Note on Attention Mechanism
Introduction
Attention mechanism is one fundamental building component in modern natural language processing systems like Transformer and GPT-3. These systems employ the encoder-decoder architecture, where the encoder maps input sentences to a fixed-length vector, which is then transformed to output sentences by the decoder. This architecture suffers from performance degradation when it comes to long input sentences. Fortunately, this issue can be effectively mitigated by employing the attention mechanism, which identifies the relevant part of the input sentence for the encoder to map, making the problematic mapping from the whole input sentence to a fixed-length vector unnecessary.
The attention mechanism was first proposed in [1] by Bahdanau, D. et. al., where it was implemented as part of an RNN Encoder-Decoder architecture. This neural network model demonstrated state-of-the-art performance in English-to-French translation and was published in ICLR 2015. As of 2024, this paper has been cited more than 30,000 times.
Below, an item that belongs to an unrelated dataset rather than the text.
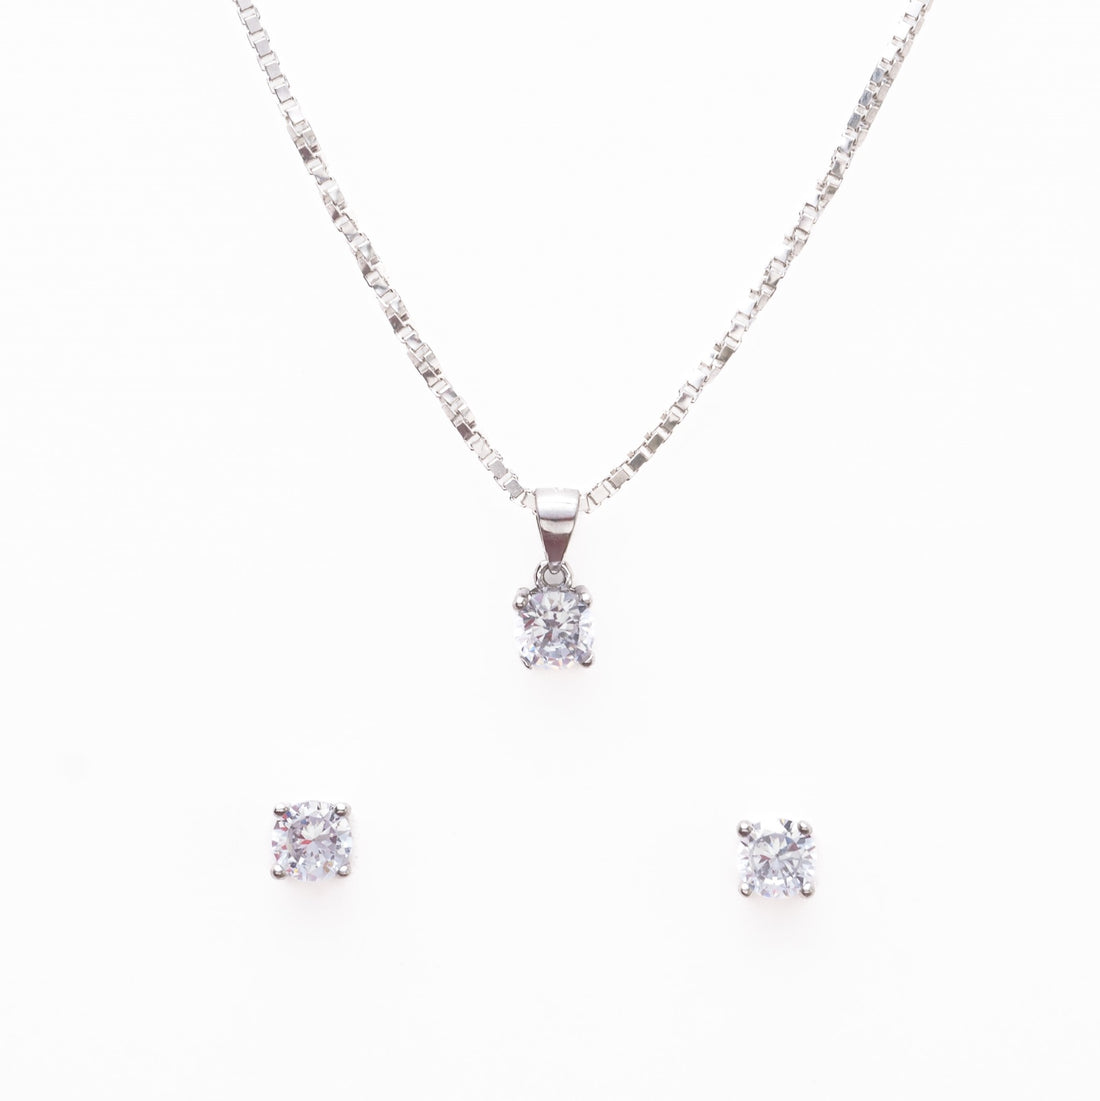 Original Silver Set Chain Pendant and Earrings with Finely Cut Stones for Women
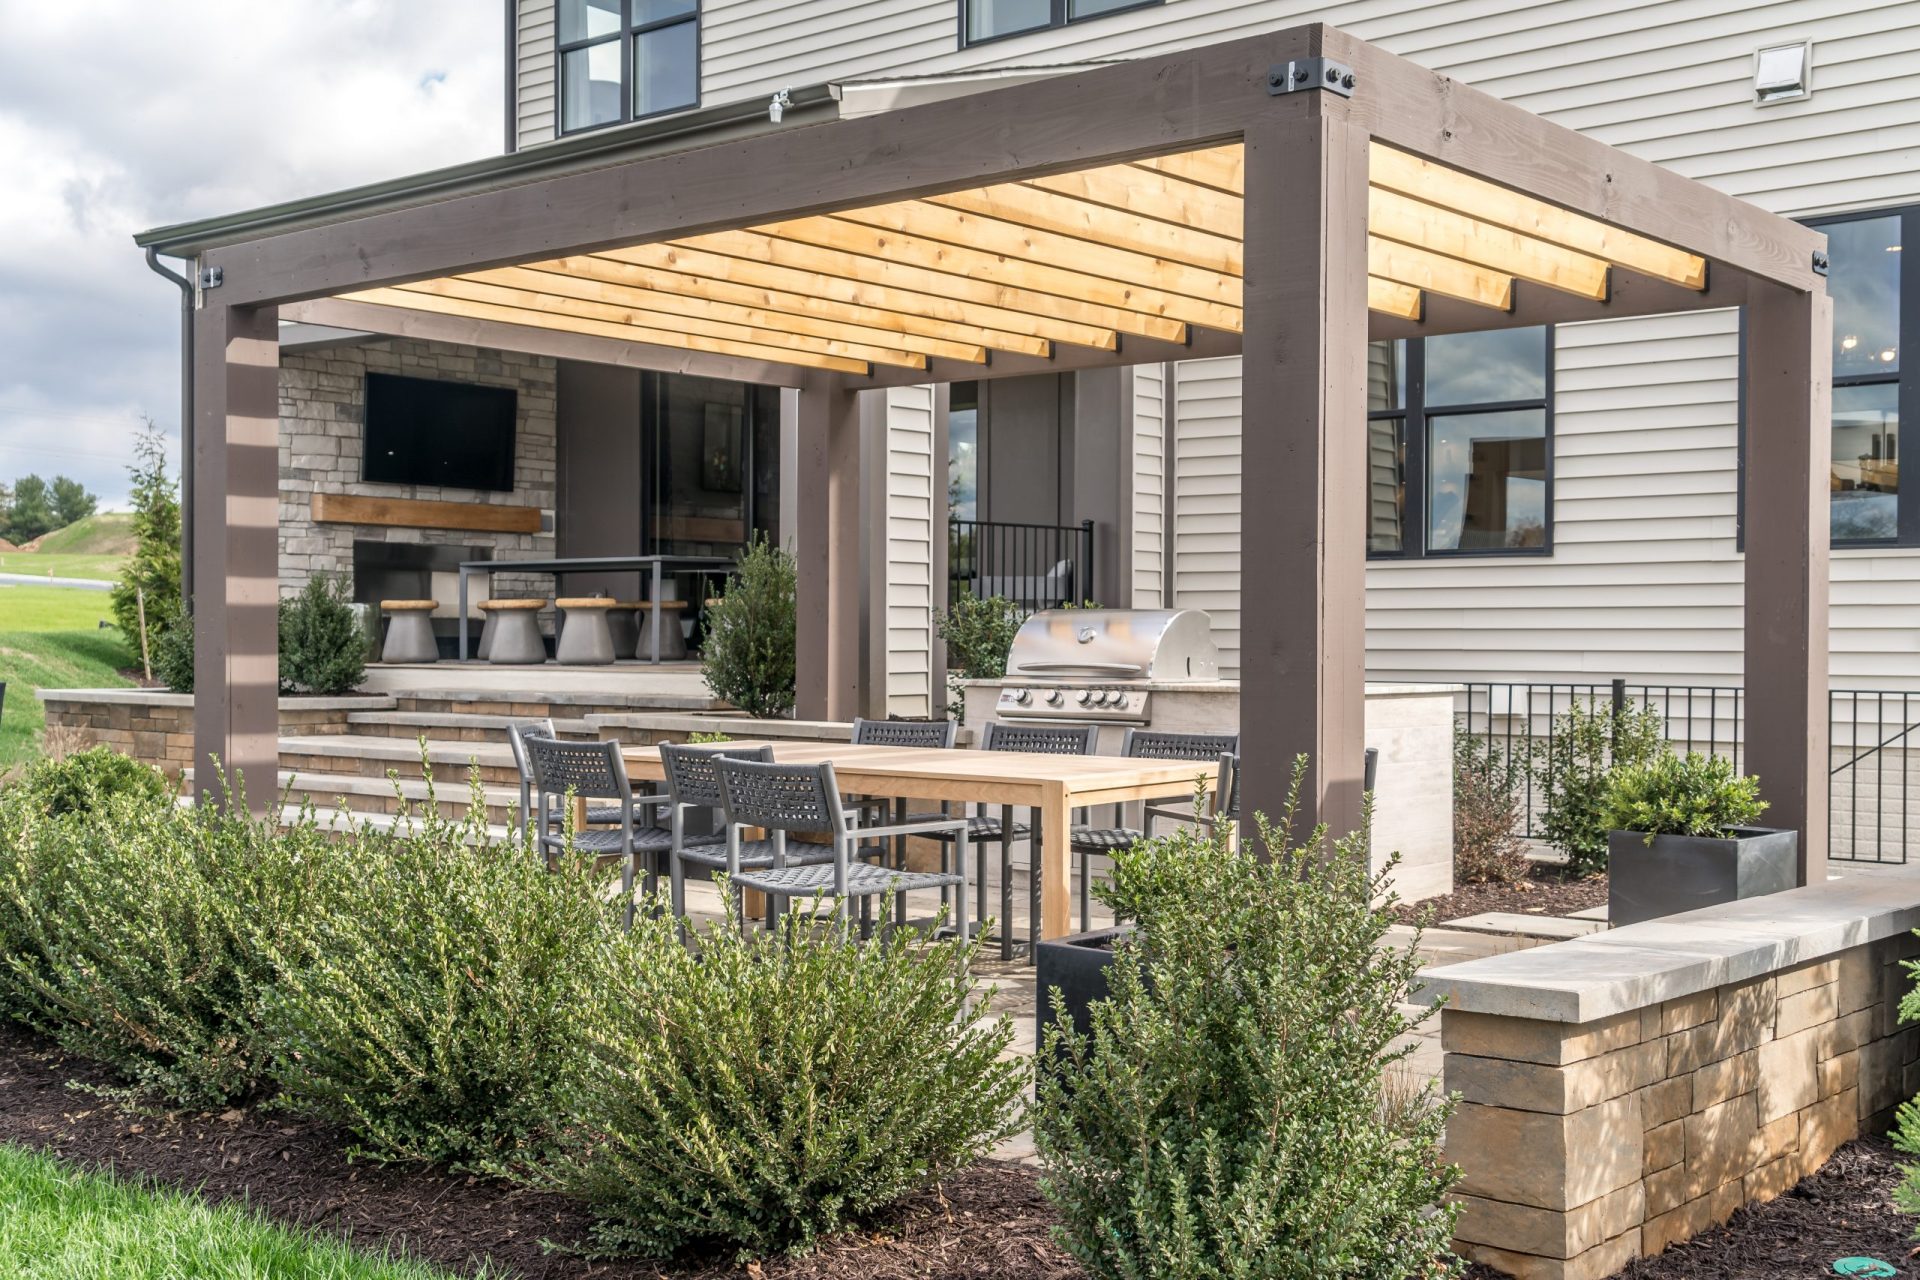 Can You Grill Under a Pergola? - Cook. Drink. Decorate.

The RNN Encoder-Decoder model consists of two RNNs serving as the encoder and the decoder, respectively. The encoder RNN maps input words $x_{j}$ to a series of hidden states $h_{j}$ ($j = 1, 2, …, T_{x}$). Then, these hidden states are used to determine a context vector $c_{i}$ for predicting the $i$-th target word. That is to say, the decoder RNN uses its last hidden state $s_{i-1}$, last target word $y_{i-1}$, and the current context vector $c_{i}$ as input for predicting the $i$-th target word.
Fig. 1 Diagram of attention mechanism in an RNN encoder-decoder architecture [1]
The key idea of the attention mechanism lies in the definition of the context vector $c_{i}$. The context vector is defined as a weighted sum of all these hidden states:
$$ c_{i} = \sum_{j=1}^{T_{x}}\alpha_{ij}h_{j}, $$
where the coefficients $\alpha_{ij}$ quantify the relevance of each source word $x_{j}$ to the $i$-th target word. These coefficients are calculated as a softmax function as follows:
$$ \alpha_{ij} = \frac{\exp(e_{ij})}{\sum_{j=1}^{T_{x}}\exp(e_{ij})}, $$
where $e_{ij} = a(s_{i-1}, h_{j})$. The function $a$ is a feedforward neural network to be jointly trained with the RNNs, which serves the purpose of predicting the relevance of each source word for generating the next target word. Intuitively, for a long source sentence, most source words will be assigned with low weights. This effectively avoids the issue of mapping the entire sentence to a fixed-length vector, resulting in a significant performance improvement of the model for handling long input sentences.
It is worth mentioning that since the weights $\alpha_{ij}$ quantify the relevance between source words and target words, they can be used for alignment. This observation explains the title of this paper: “Neural machine translation by jointly learning to align and translate.”
Reference
- Bahdanau, D., Cho, K., & Bengio, Y. (2014). Neural machine translation by jointly learning to align and translate. arXiv preprint arXiv:1409.0473.
- Cho, K., Van Merriƫnboer, B., Gulcehre, C., Bahdanau, D., Bougares, F., Schwenk, H., & Bengio, Y. (2014). Learning phrase representations using RNN encoder-decoder for statistical machine translation. arXiv preprint arXiv:1406.1078.
- Sutskever, I., Vinyals, O., & Le, Q. V. (2014). Sequence to sequence learning with neural networks. Advances in neural information processing systems, 27.